Immunoprecipitation of the CD95 with FADD, FADD DED, FADD DD, DN-FADD FADD/DN-, LZ-, IZ-FADD was performed using 900 μl cell lysate incubated with 10 μl Protein A-Magnetic Beads (New England Biolabs) and nutated for 2 h at 4°C. The beads were washed four times with 1 ml lysis buffer for 10 min and the beads were eluted with 40 μl 0.1 M glycine buffer pH 2.8. The IP fractions were neutralized with 4 μl 1 M Tris pH 8.0, followed by addition of 20 μl SDS-sample dye and boiling at 95°C for 2 min. Typically, 15 μl of an IP fraction was used for western blotting. Alternatively, the beads were resuspended directly in 30 μl of SDS-sample dye and boiled for 2 min at 95°C. 12% SDS-Tris-tricine gels were run at 120 V for 90 min, which leave the phosphorylated and unphosphorylated forms of FADD unresolved in the gel. Figure 4a suggests that the presence of the unstructured tail of FADD, which includes residues 192–208 and the phosphorylation site, are dispensable for the interaction with FADD and procaspase-8.

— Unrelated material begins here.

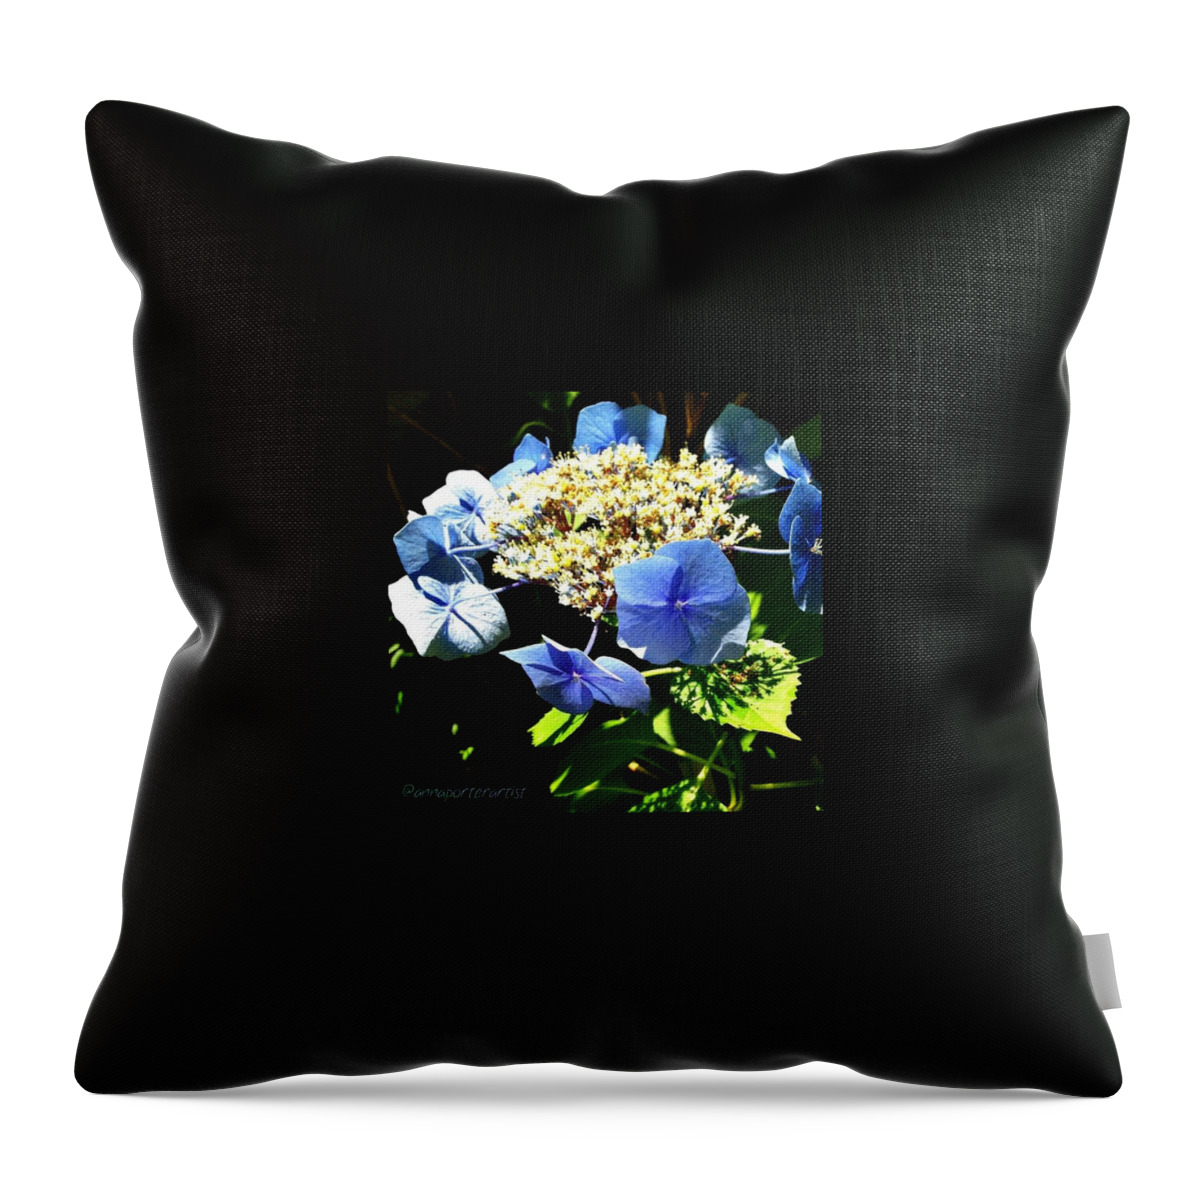 Iphone5 Throw Pillow featuring the photograph Another Variety Of Blue Hydrangea In My by Anna Porter

To determine the DN-FADD transgene and endogenous FADD expression levels in mouse thymocytes, C57BL/6J or DN-FADD (Tg(Lck-FADD)1Hed) thymocytes were lysed in150 mM NaCl, 50 mM NaF, 10 mM b-glycerophosphate, 20 mM HEPES pH 7.4, 1% Triton X-100, 1 mM PMSF, 1 mg/ml Aprotinin, 1 mg/ml Leupeptin and 1 mM NaVO4. Protein lysates were quantified using Bradford assays (BioRad, Hercules, CA, USA), resolved by SDS–PAGE and transferred onto polyvinylidene difluoride membranes (PVDF; Millipore, Bedford, MA, USA). The blot was probed with anti-FADD antibody (Upstate Biotechnology).